Vanilloid receptors are important potential targets for the treatment of pain (Dray, 1995; Kress & Zeilhofer, 1999). The recent cloning of VR1 from rat DRG neurones (Caterina et al., 1997) was a major breakthrough, but only a limited pharmacological characterization of this receptor was undertaken (Caterina et al., 1997; Tominaga et al., 1998). The present study has confirmed and expanded this pharmacology, identifying for the first time in a homogenous recombinant system, apparent agonist-dependent aspects of the rVR1-mediated response. Furthermore, these data indicate that the pharmacology of rVR1 can account for some, but not all, of the putative vanilloid receptor subtypes previously identified pharmacologically in native tissues (Szallasi & Blumberg, 1999).

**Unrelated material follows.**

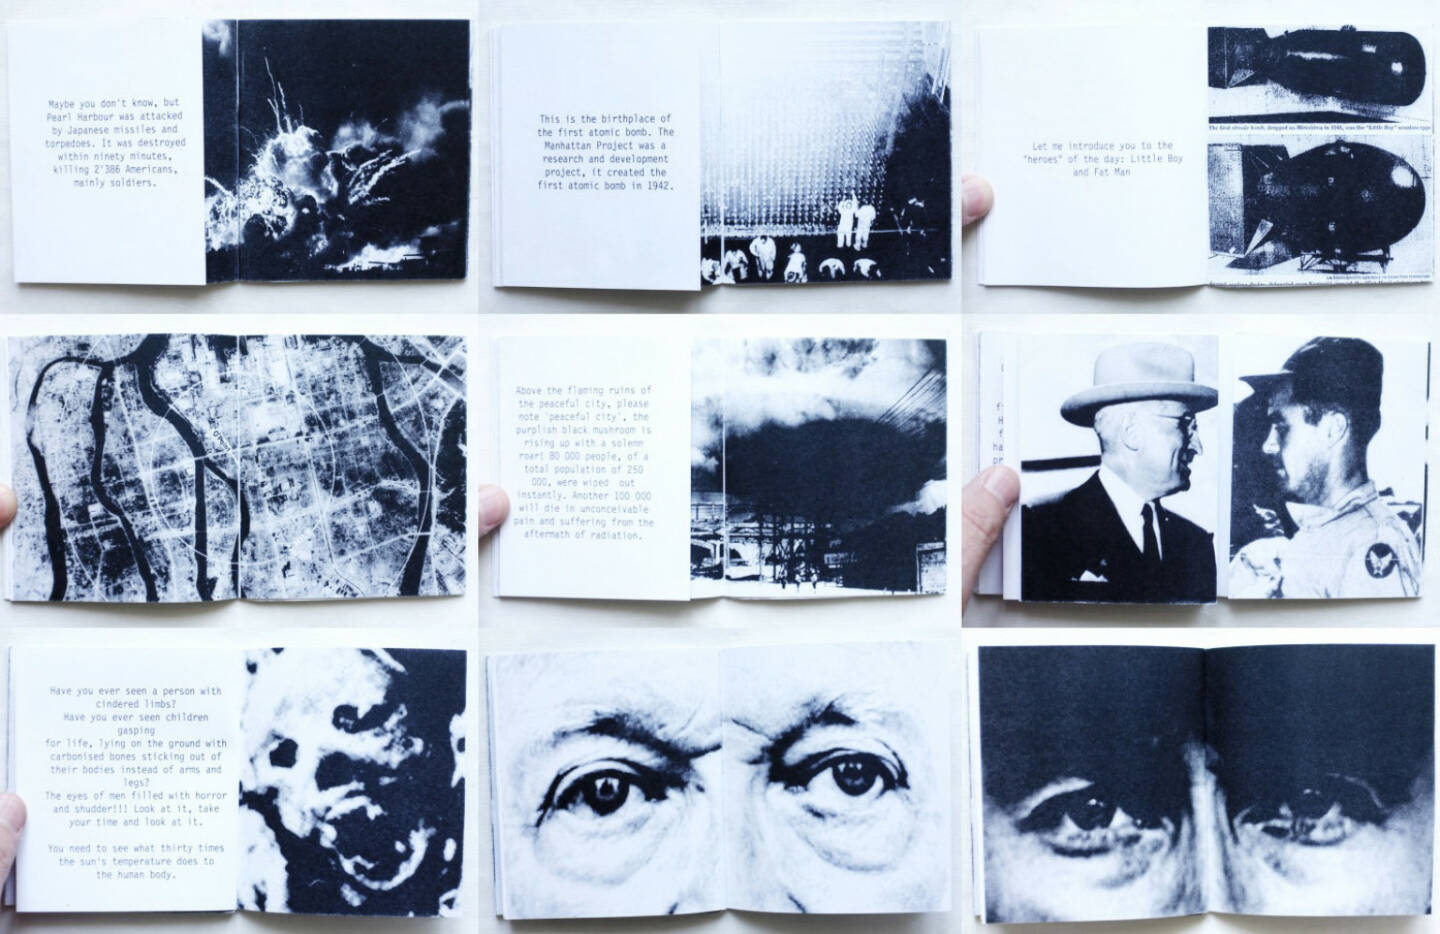 Ilkin Huseynov - 0000000, Riot Books 2014, Beispielseiten, sample spreads - http://josefchladek.com/book/ilkin_huseynov_-_0000000#image-8

In the present study capsaicin increased [Ca2+]i in rVR1 expressing HEK293 cells, and this response was typified by an initial rapid onset which peaked at ∼30 s, followed by a gradual decline towards basal values. Such kinetics are consistent with those previously reported for the endogenous vanilloid receptor (Kress & Zeilhofer, 1999; Szallasi & Blumberg, 1999). Olvanil and PPAHV also evoked similar responses, again consistent with previous reports from native tissues (Szallasi & Blumberg, 1999). However, the RTX-induced Ca2+ response displayed different kinetics, with a markedly slower onset, peaking at ∼90 s, followed by a subsequent maintained phase. Similar differences in kinetics between RTX- and capsaicin-induced responses have been previously demonstrated in native tissues (Petersen et al., 1996) and Xenopus oocytes expressing recombinant rVR1 (Caterina et al., 1997). Furthermore, the magnitude of the maximum Ca2+ response induced by RTX was ∼20% greater than that induced by capsaicin, again in agreement with previous reports (Petersen et al., 1996; Caterina et al., 1997). Surprisingly, isovelleral, which has been reported to be a vanilloid receptor agonist in native tissues (Szallasi et al., 1996), had no agonist effect at any concentration tested.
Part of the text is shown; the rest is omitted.